Я понесся по улице, словно по беговой дорожке. А когда наконец пришел в себя, во мне оставалась лишь одна мысль: вот я сейчас вернусь после всего этого, а моя мать умерла. Но, добравшись домой, я узнал, что она родила час назад. Девочку.
Я даже не посмотрел на деревянную табличку на двери, был уверен, что увижу оливковую веточку [53]. А теперь почувствовал себя так, будто кто-то из богов спустился на облаке, дабы изменить мою судьбу. Я стоял, онемевший, наслаждаясь внезапным счастьем, пока мой двоюродный дед Стримон не поднялся со скамьи, чтобы показать, что я его не заметил. Он проговорил, что все мы должны радоваться благополучному появлению на свет младенца, и хотя отец мой будет несомненно разочарован, они еще достаточно молоды и могут позволить себе дождаться расположения богов.

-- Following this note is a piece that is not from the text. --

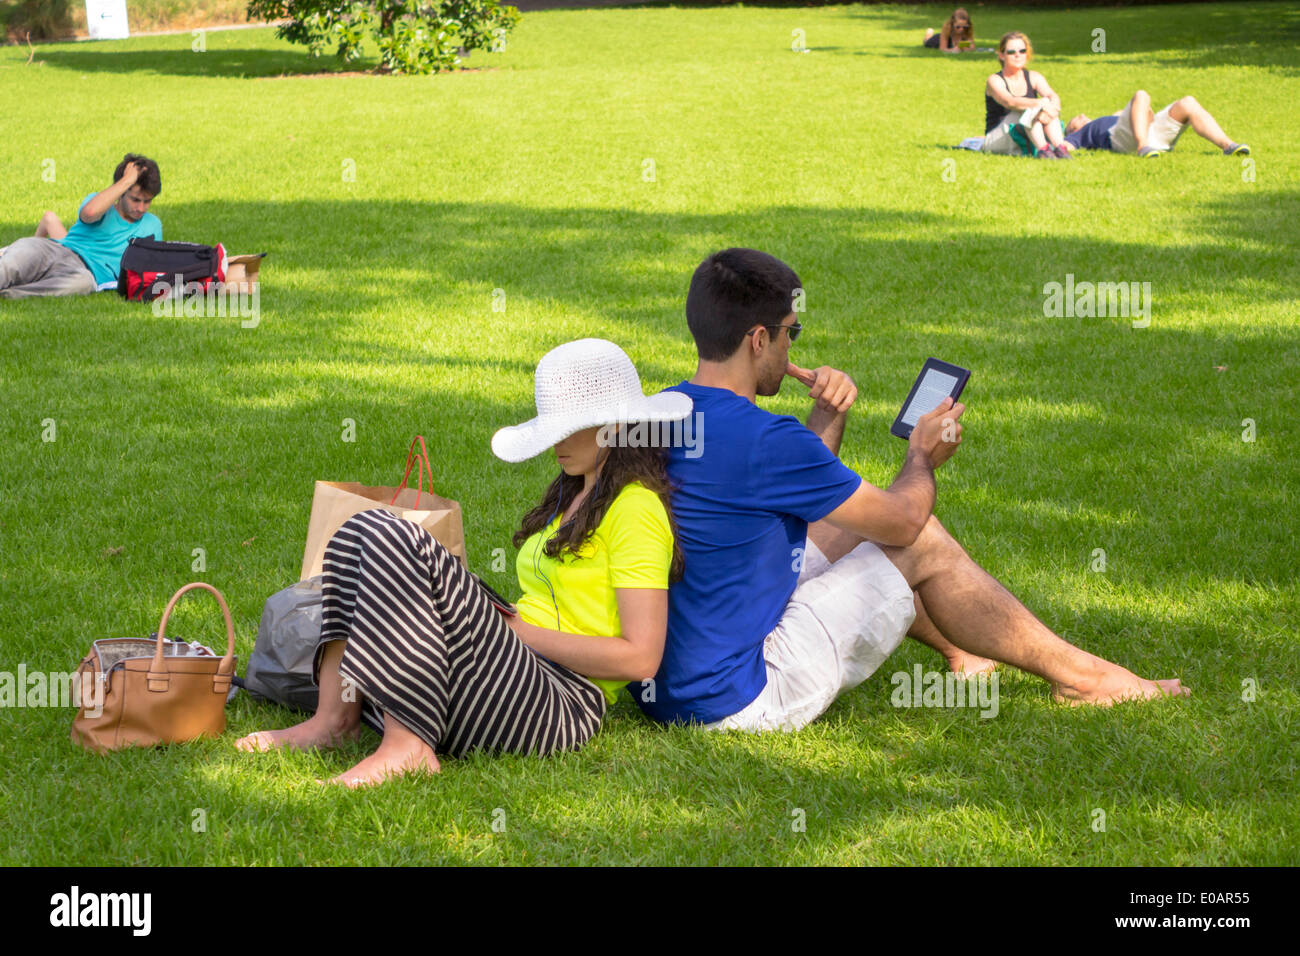 Sydney Australia,Royal Botanic Gardens,man men male,woman female women,couple,back to back,lawn,sitting,using,tablet,park,AU140309174 Stock Photo

– И все-таки жаль: он пообещал назвать ребенка в честь ее отца Архагора, чтобы имя достойного человека не пропало.
Только тут я наконец вспомнил: какие бы глупости ни лезли мне в голову, а это все-таки ее перворожденное дитя.
Когда я подошел к комнате, женщины сказали мне, что там еще не выполнен обряд очищения, а потому я и сам осквернюсь. Я ответил: "Что ж, пускай", - и вошел. Она лежала с распущенными волосами, влажными и вялыми, словно после долгих мучительных трудов; лицо ее вытянулось, под глазами залегли синие круги. Дитя лежало у нее на руке. Я спросил: "Как ты, матушка?", и она подняла ко мне глаза.
Если муж потерпел поражение в панкратионе, если его исколотили так, что он едва держится на ногах и, кое-как поднявшись с земли, вытирает с глаз кровь, - и в этот момент встречает человека, которого больше всех порадует его поражение, то, сколь ни велико его мужество, что-то он все же выкажет. Так и произошло сейчас, между моей матерью и мною. И, думаю, поняв это, я впервые в жизни познал горе мужчины. Но после того как дождь пролился, его не вернешь на небо.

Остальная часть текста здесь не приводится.